Could you copy every record exactly, leaving the pictures behind?
Segment Start: PROVIDED DATA
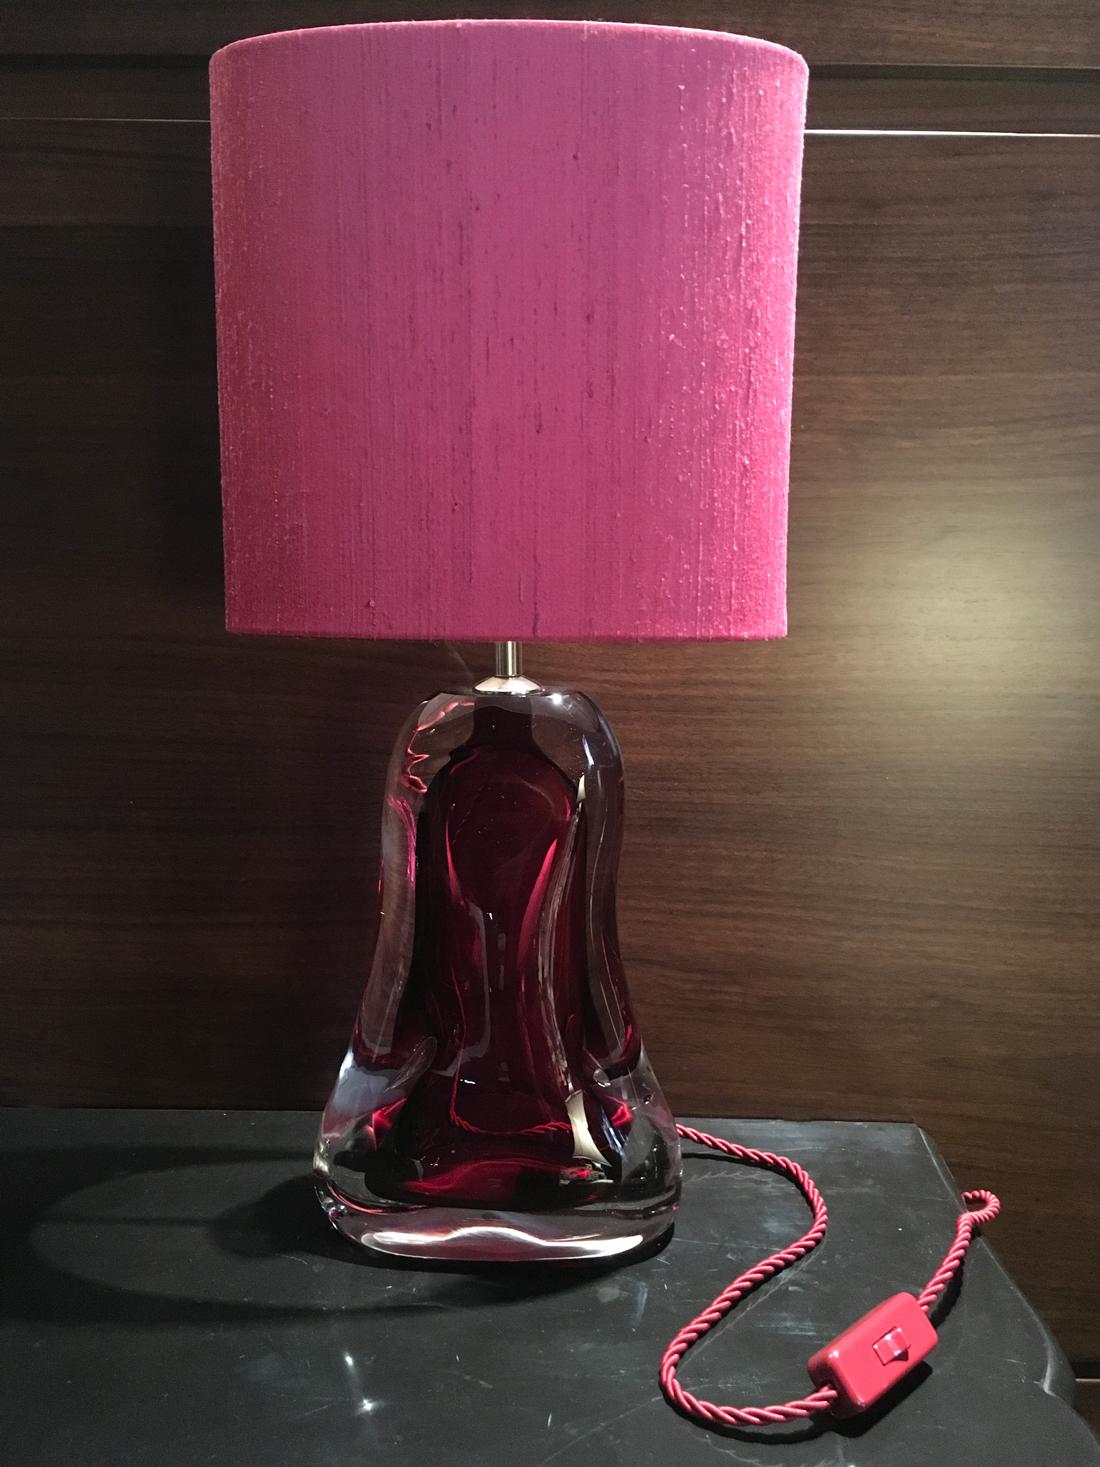 Contemporary fuchsia blown glass table lamp with fuchsia silk lamp shade is a beautiful eye-catching object of art for the solid presence of the handcrafted glass.
Made by Porta Romana, United Kingdom
220-240 V max wattage 40W
EU wiring.
USA/GB
Segment End: PROVIDED DATA
-- RESPONSE TO THIS EXERCISE --
 Contemporary fuchsia blown glass table lamp with fuchsia silk lamp shade is a beautiful eye-catching object of art for the solid presence of the handcrafted glass.
Made by Porta Romana, United Kingdom
220-240 V max wattage 40W
EU wiring.
USA/GB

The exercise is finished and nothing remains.